**What this task involves:**
Among the entries below, the lines from the one with "Hello first grade" up to and including the one with "Report: Quick-service burger" are to be restated exactly, without pictures.

**Input data:**
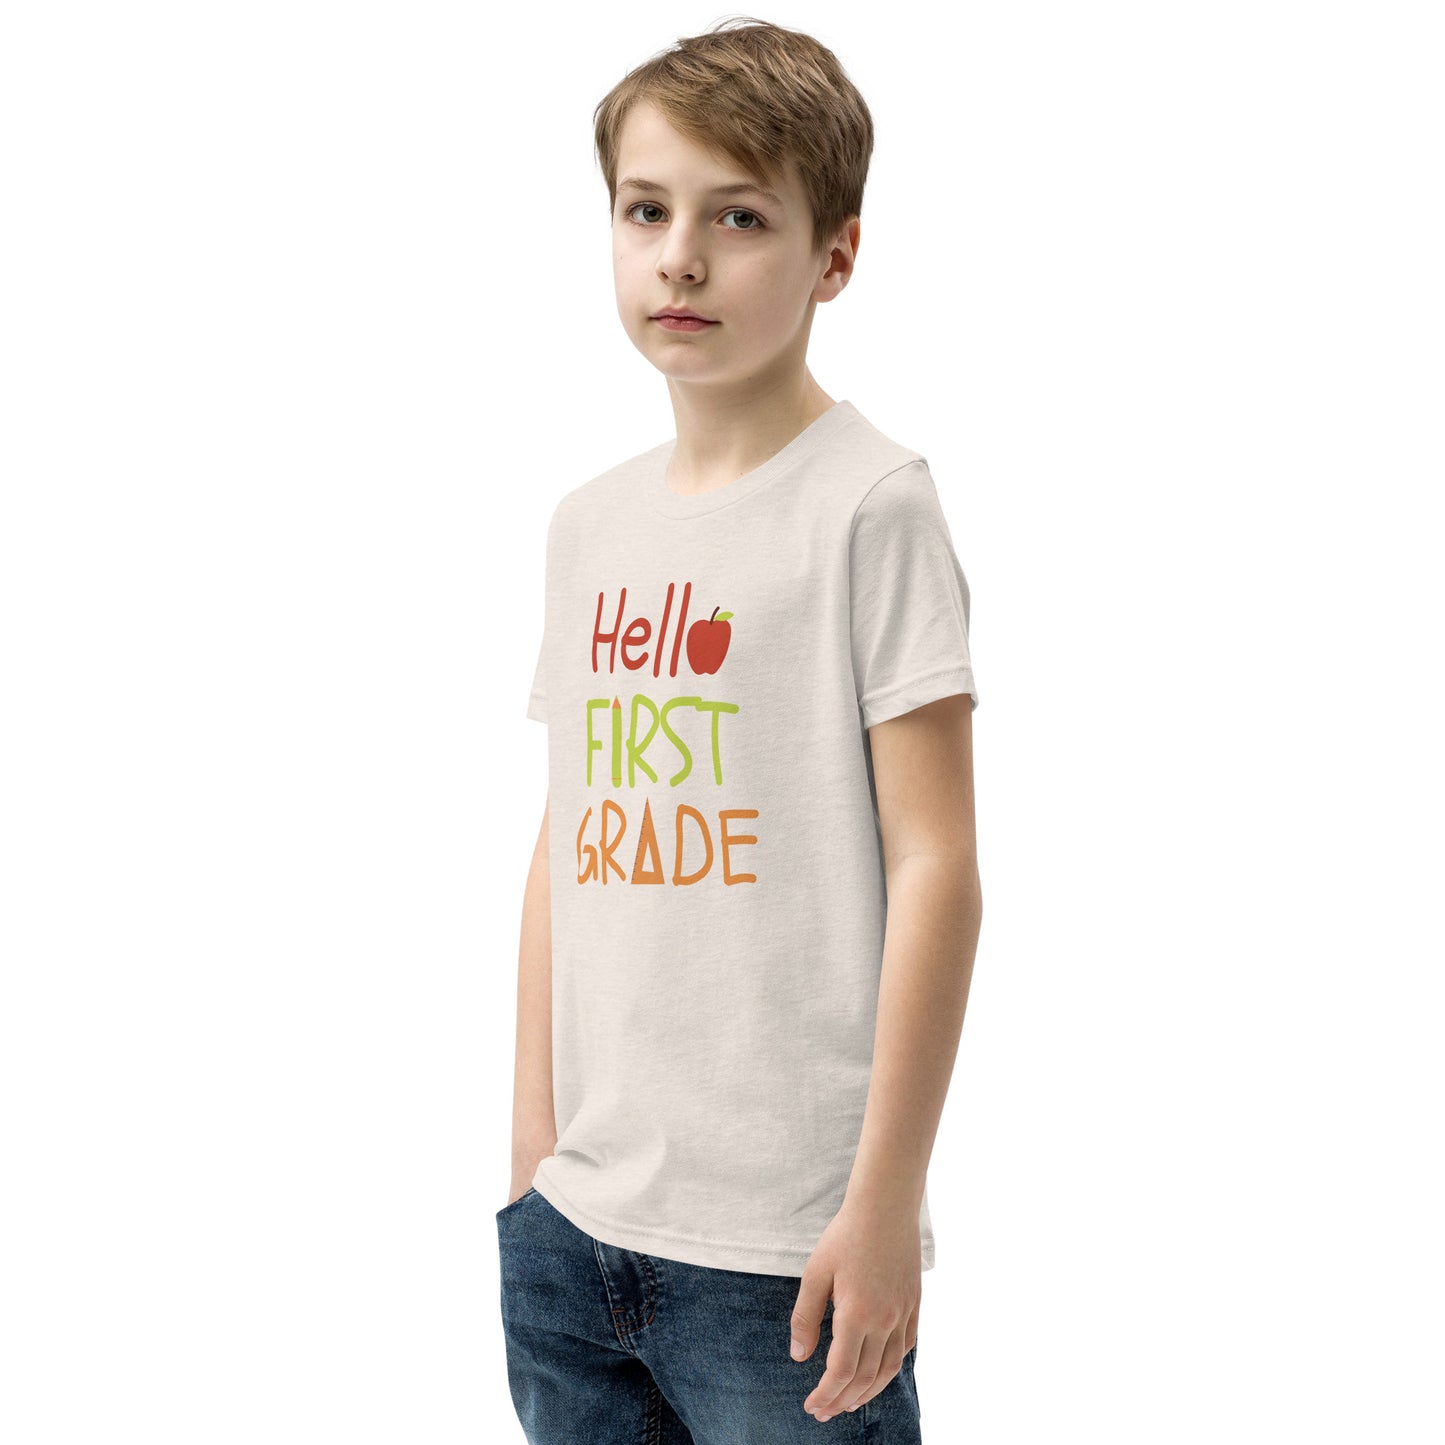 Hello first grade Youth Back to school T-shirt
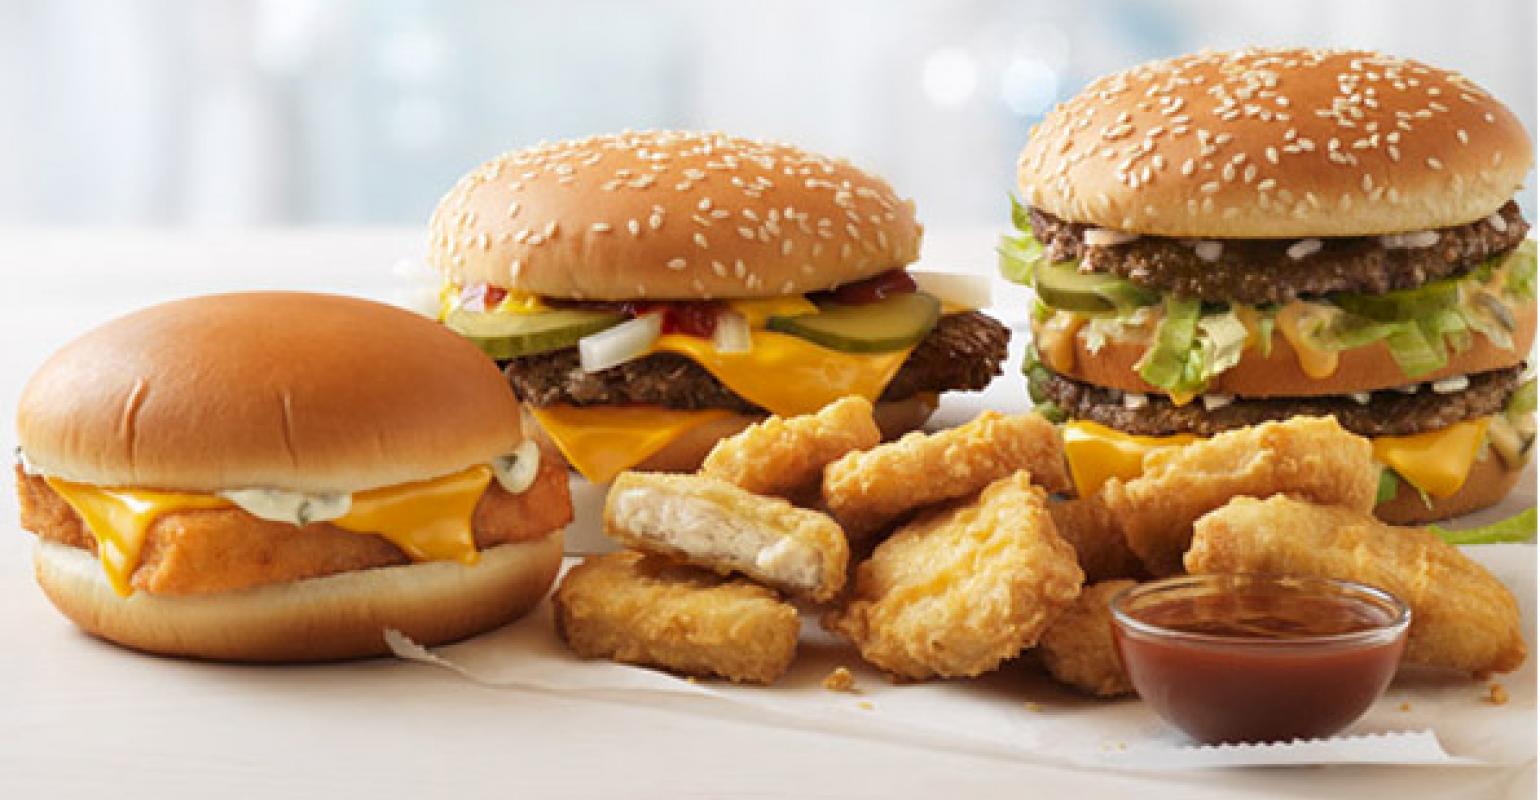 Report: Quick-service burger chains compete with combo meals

---

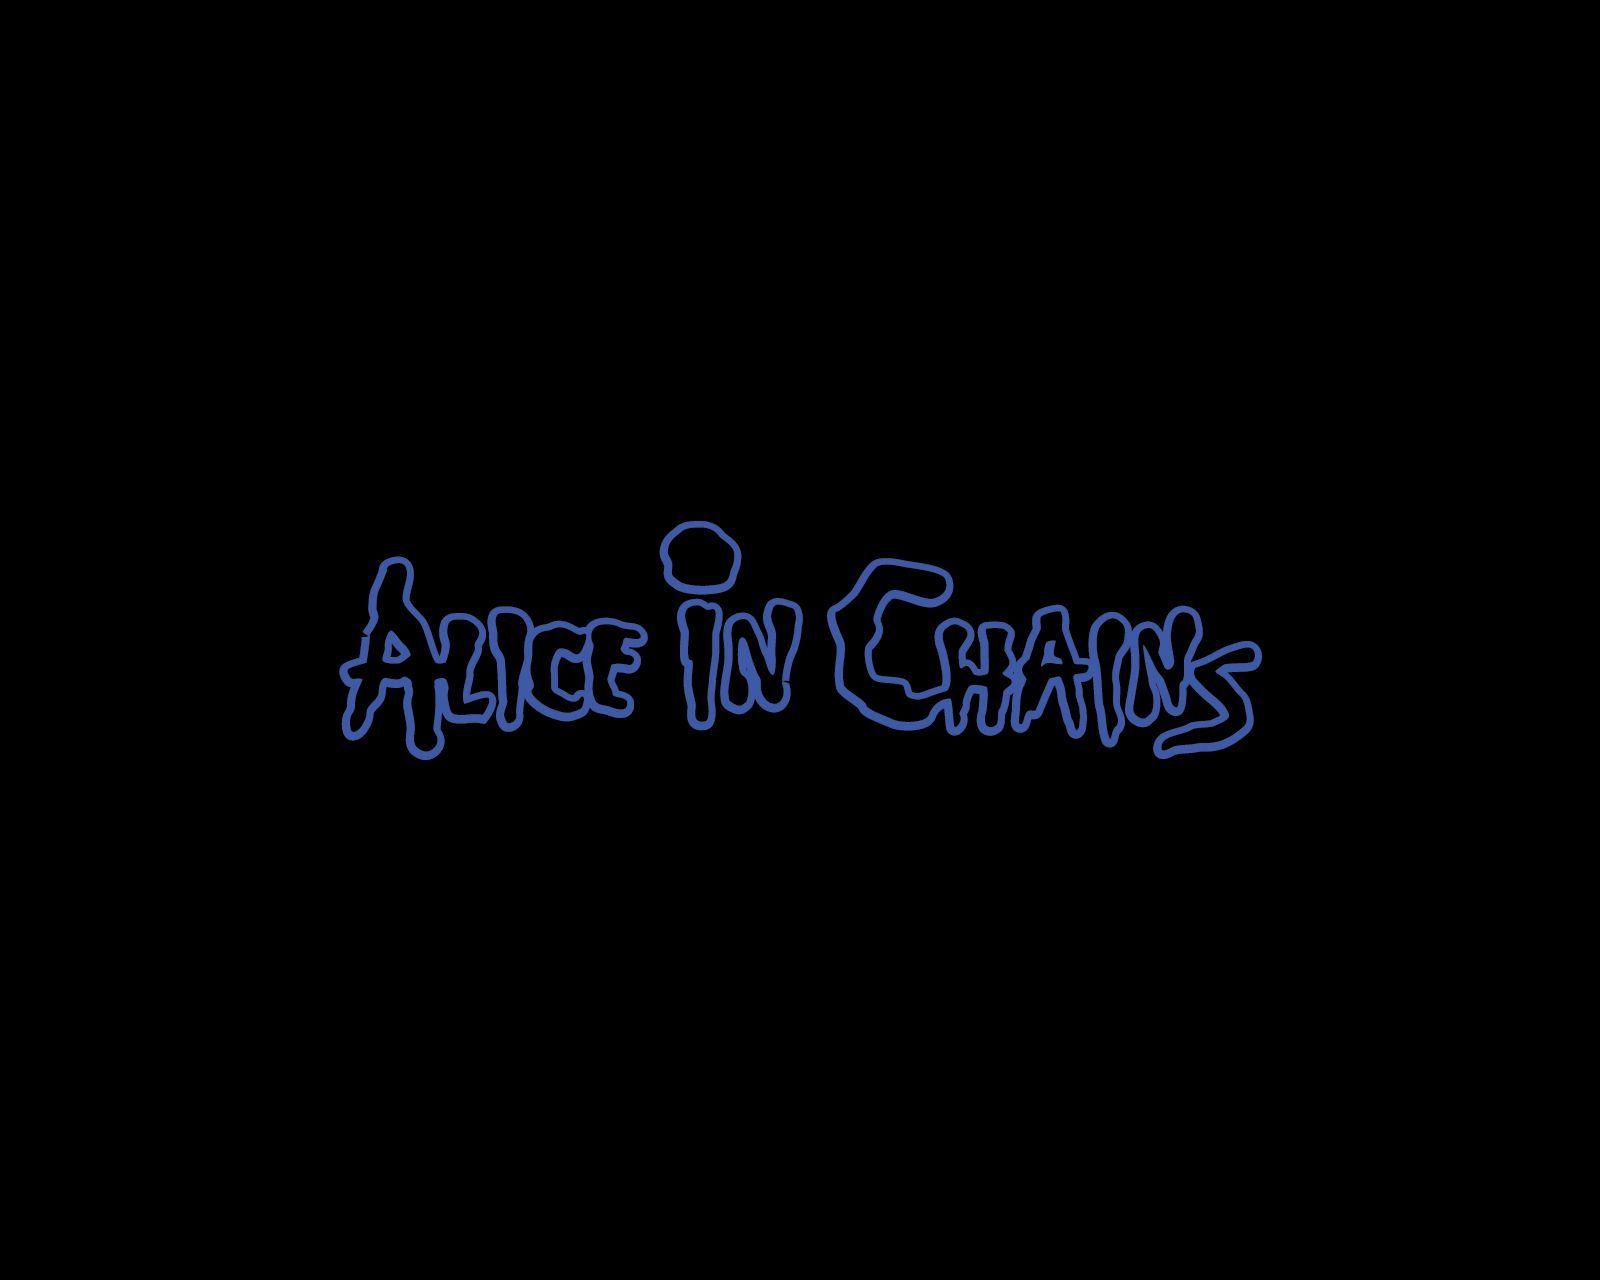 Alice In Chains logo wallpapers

* * *

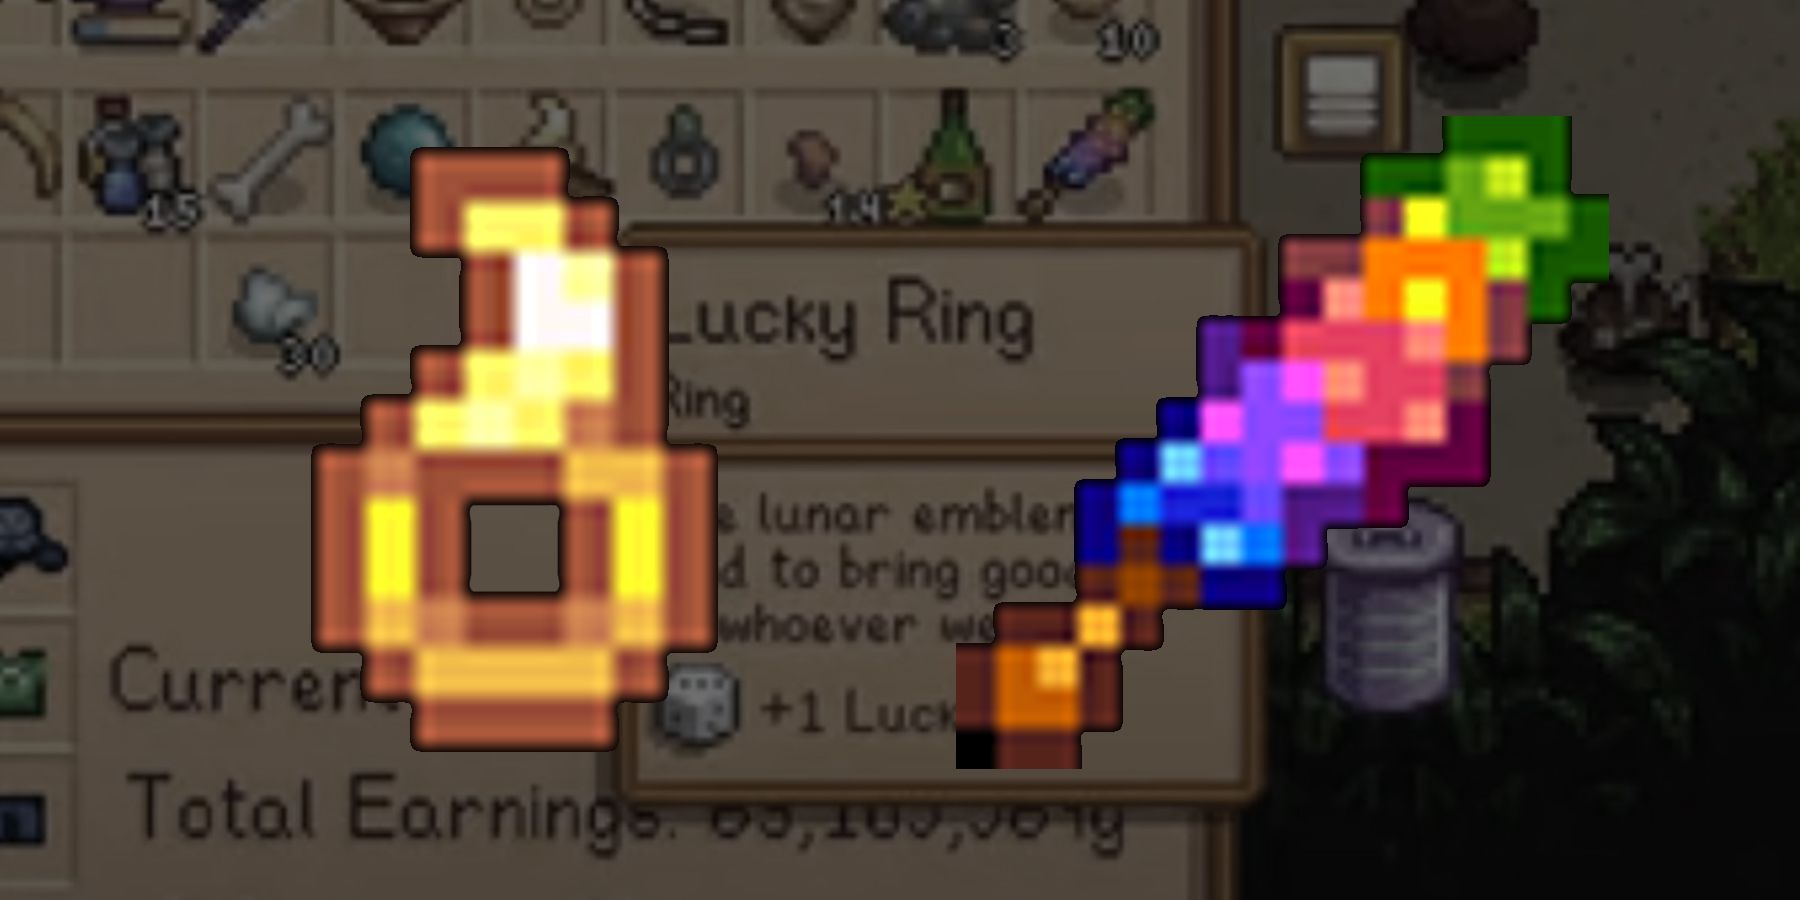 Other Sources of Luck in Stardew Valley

**Task answer:**
 Hello first grade Youth Back to school T-shirt
 Report: Quick-service burger chains compete with combo meals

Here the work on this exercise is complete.